Mi chiedo: non è abbastanza aver trascorso 1000 giorni in una detenzione ingiusta sulla base di false accuse? Mille e una notte? Perché impediscono ai miei anziani genitori di vedermi dopo aver fatto un viaggio di quasi un giorno e mezzo per portarmi cose di cui avevo bisogno? Perché 10 persone devono ispezionare per due ore una cella grande come una scatola di cerini? Sebbene dall’ispezione non sia emersa alcuna infrazione al regolamento, il gruppo degli informatori mi minaccia avvertendo che torneranno ancora. Ma che vogliono da me il capo degli informatori e i suoi uomini? Perché tutta questa oppressione e persecuzione? Non è ancora abbastanza?”.

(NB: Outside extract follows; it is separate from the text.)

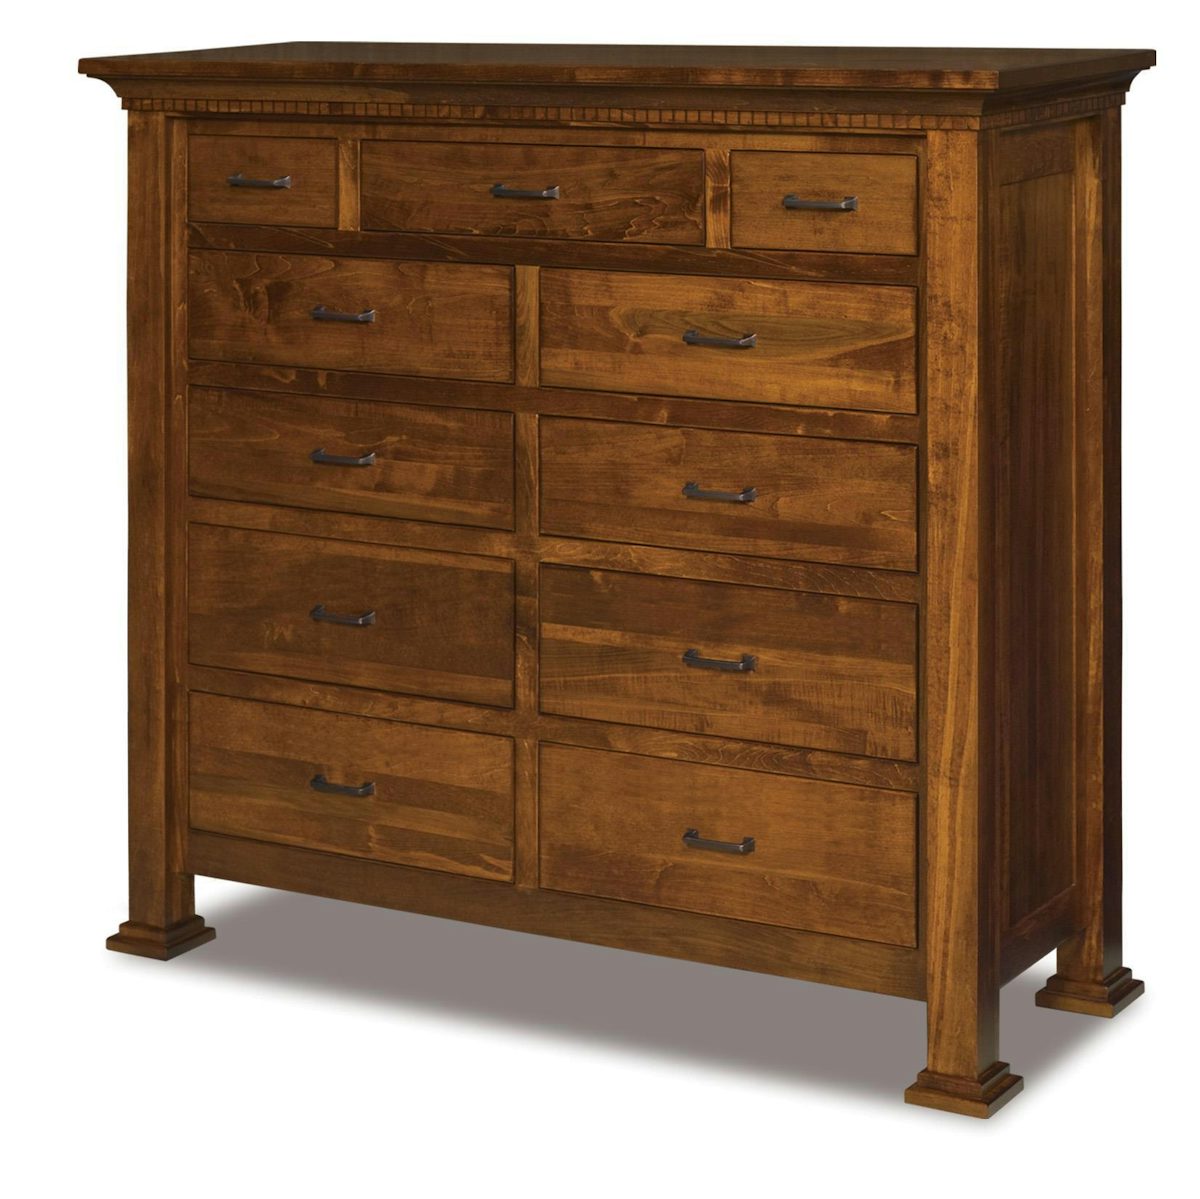 Amish David Eleven Drawer Double Chest of Drawers from DutchCrafters

Procuratore generale Nabil Sadek Office of the Public Prosecutor Madinat Al-Rihab New Cairo Egypt
Egregio Procuratore,
Sono un sostenitore di Amnesty International, l’organizzazione non governativa che dal 1961 lavora indifesa dei diritti umani, ovunque siano violati.
Mahmoud Abu Zeid è un prigioniero di coscienza, in carcere solo per aver esercitato il modo pacifico il diritto alla libertà d’espressione e aver svolto la sua attività professionale.
Le chiedo che Mahmoud Abu Zeid sia rilasciato, che le accuse nei suoi confronti vengano annullate e che, in attesa del rilascio, riceva tutte le cure mediche di cui possa aver bisogno.